70s Rewind: Bridges, Barbra, Bogdanovich, Brynner
Here's a selection of picks that I've recently watched, most of which will be expiring from the service at the end of June.
Bad Company (1972; d. Robert Benton)
Robert Benton made his directorial debut with this decidedly modest picture, set during the American Civil War in 1863. The original script by Benton and his writing partner David Newman, like their breakthrough Bonnie and Clyde, is highly episodic; like their screenplay for Joseph L. Mankiewicz's There Was a Crooked Man..., set during the 1880s, it works hard to bring relevance to a period film. And, like both, Bad Company begins in light-hearted territory before traveling into murkier, more violent regions.
Jeff Bridges is the leader of a small group of young men who live by their wits, or lack thereof. Bridges is impressed by Barry Brown, a conscription-notice dodger who fights back after Bridges tries to rob him for a second time, and invites him into the gang. Heading west, the petty thieves make slow progress, while amply demonstrating their general incompetence, in a series of aimless episodes.
Benton and Newman's screenplay introduces likable but thin characters and then gives them little to do. In today's terms, it's a lo-fi project that plays well, chiefly due to Bridges' youthful charm and a cast that would later do better things, including John Savage and a gang of somewhat older criminals, played by the likes of Geoffrey Lewis and Ed Lauter, and led by David Huddleston. Gordon Willis' cinematography makes the outdoors look dark, even in the middle of the day, and the version that is streaming on Amazon does his work no favors.

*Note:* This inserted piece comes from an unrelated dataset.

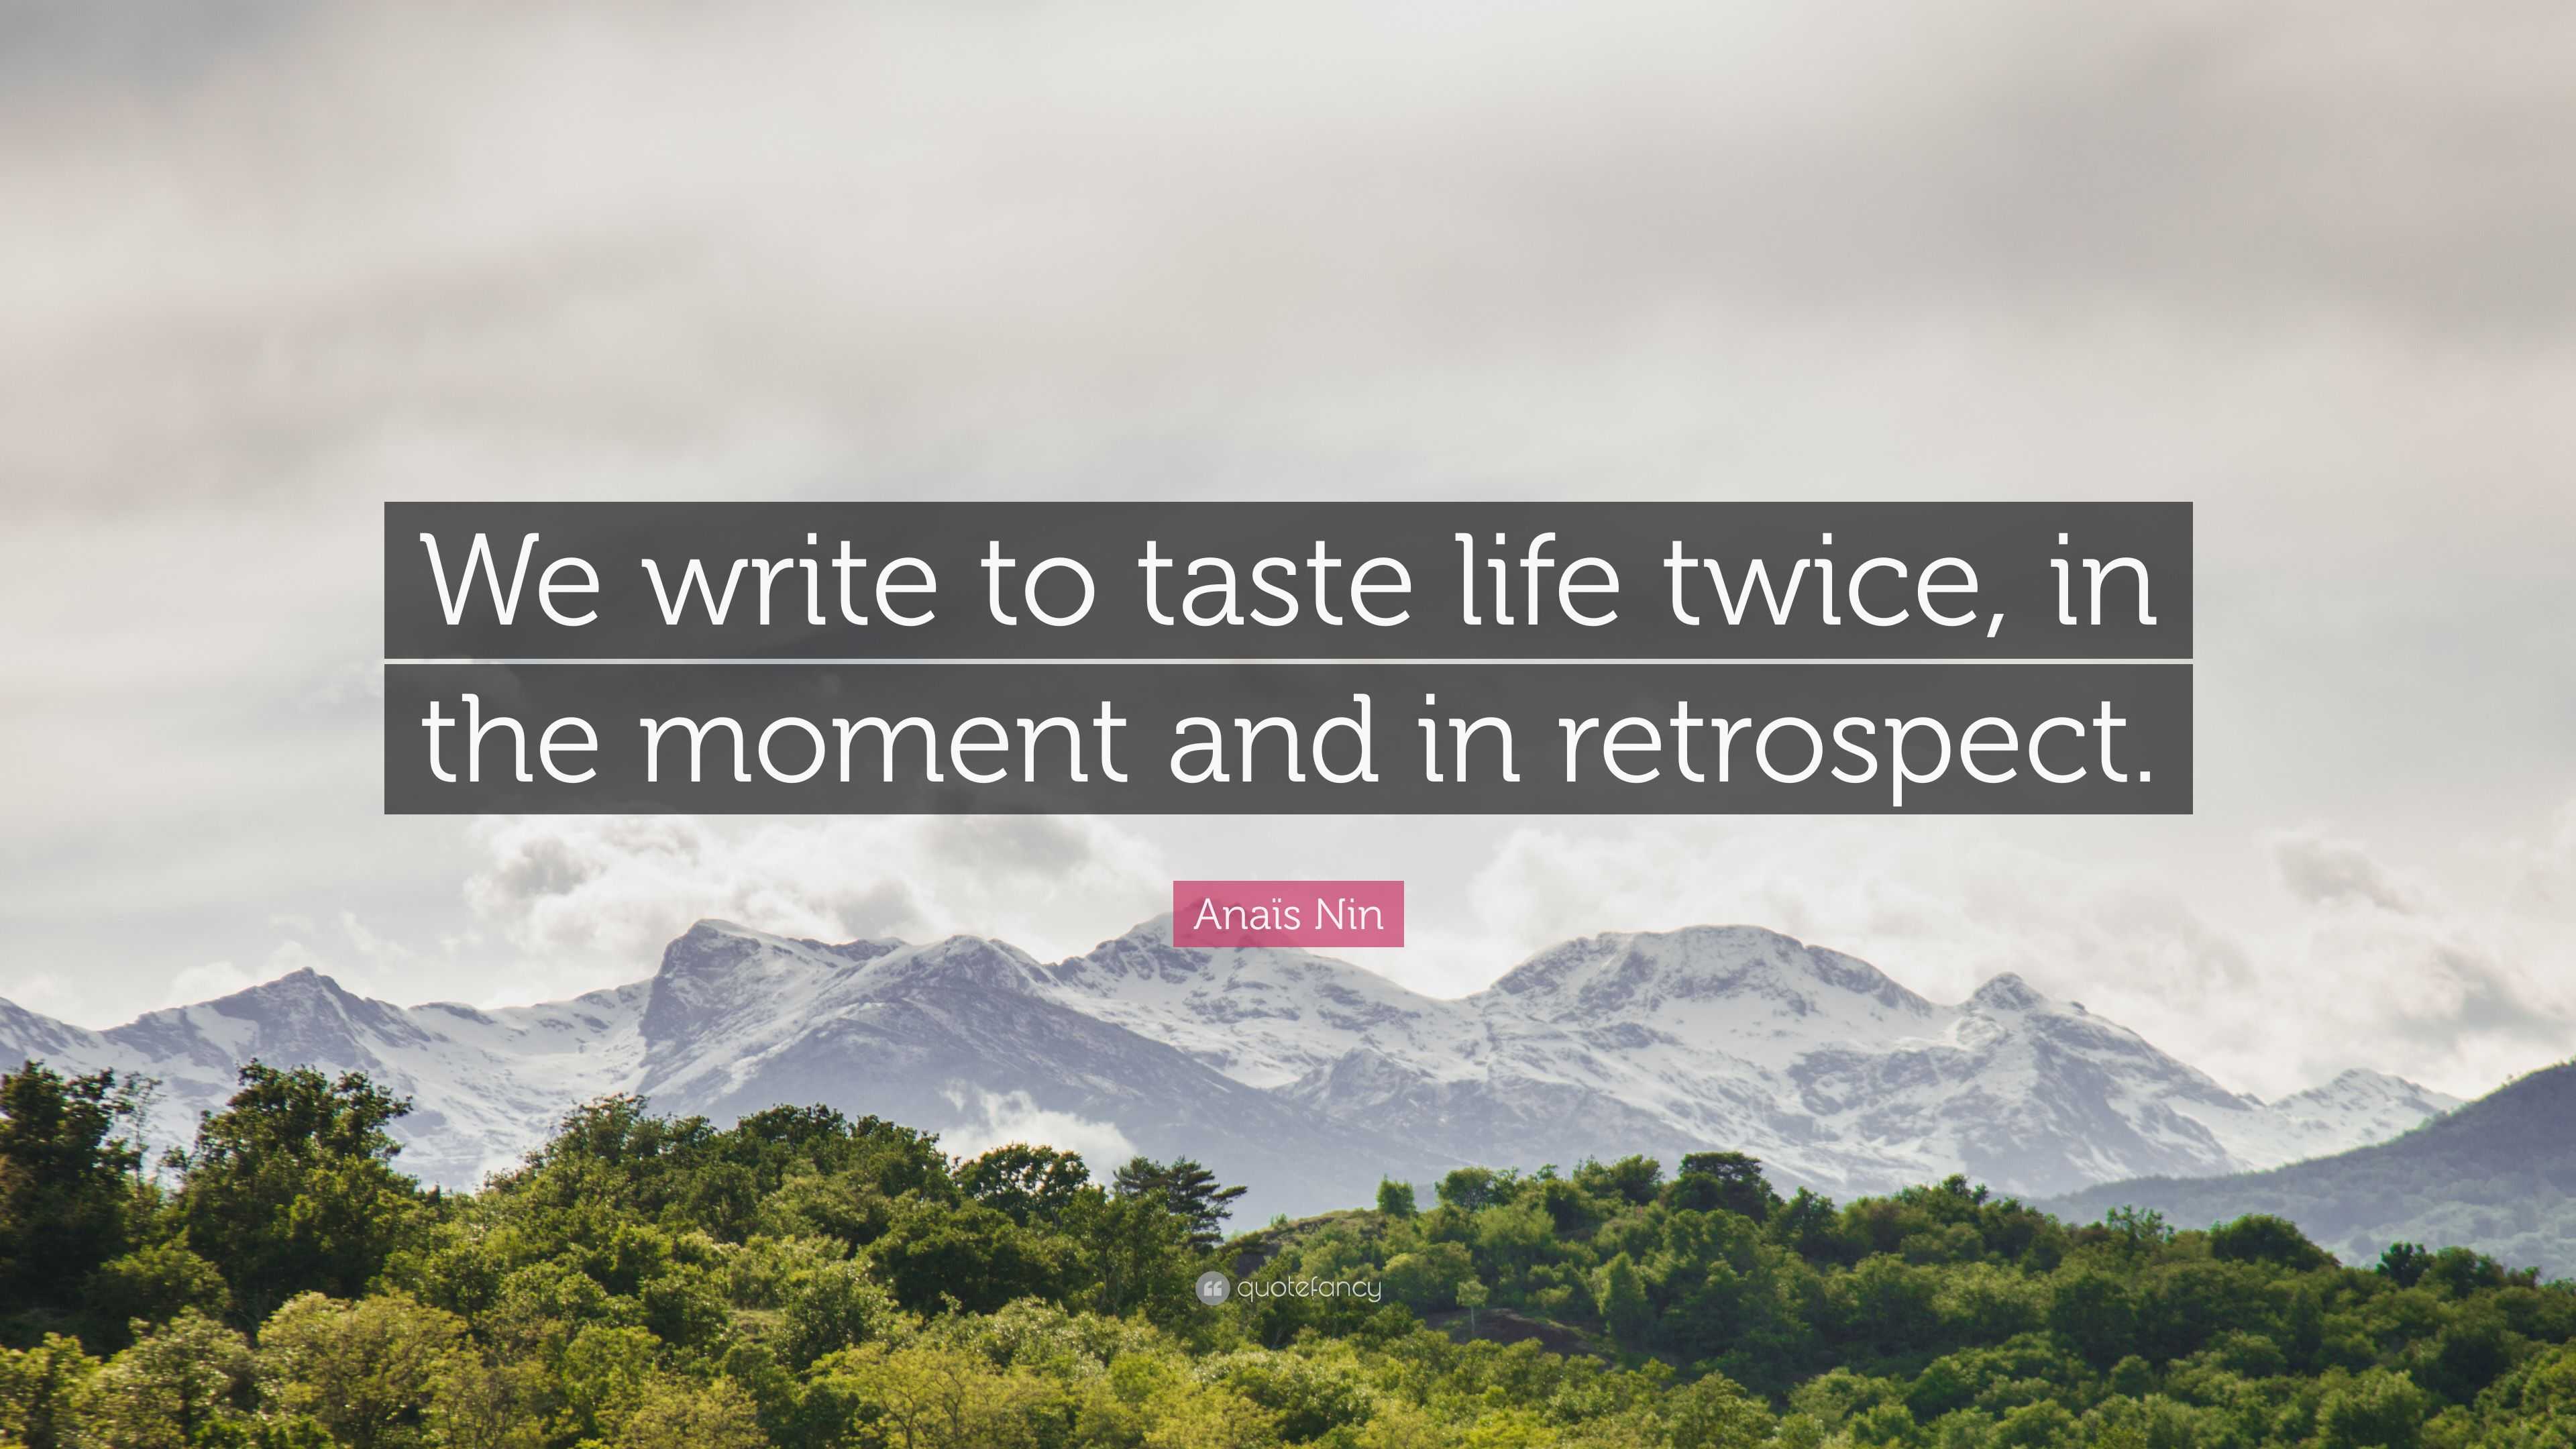 https://quotefancy.com/media/wallpaper/3840x2160/2015615-Ana-s-Nin-Quote-We-write-to-taste-life-twice-in-the-moment-and-in.jpg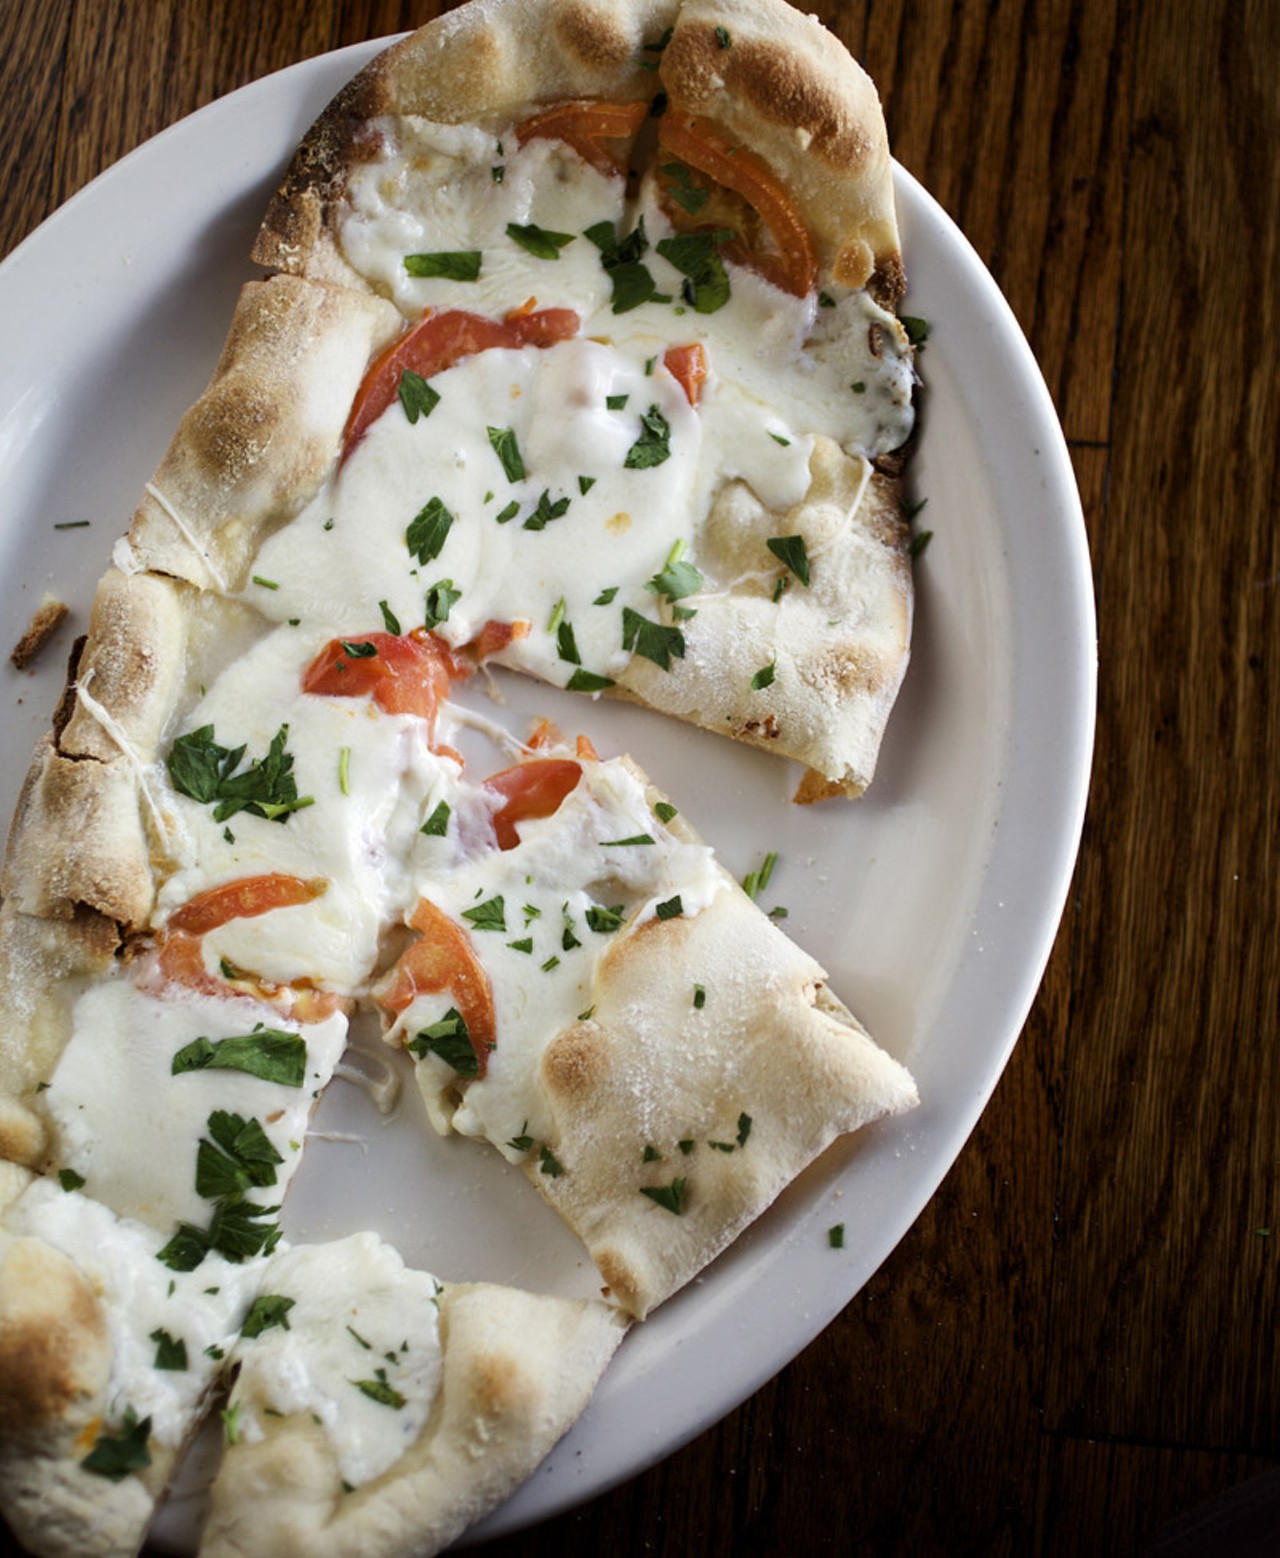 Caprese flatbread - stone baked flatbread topped with fresh tomatoes, mozzarella and basil, also available on both the regular and late night menus.

Released in October 1972, the film attracted little fanfare, but it provided Benton with experience in the director's chair; five years later, he drew good notices for The Late Show and followed that up with Kramer vs. Kramer. Bridges, who had gained great exposure with The Last Picture Show, continued to build his career with a series of strong performances throughout the decade. His 21-year-old co-star Barry Brown, however, fared less well; he was part of the wreckage that was Peter Bogdanovich's Daisy Moon, and then was exiled to television guest spots. Sadly, he committed suicide in 1978.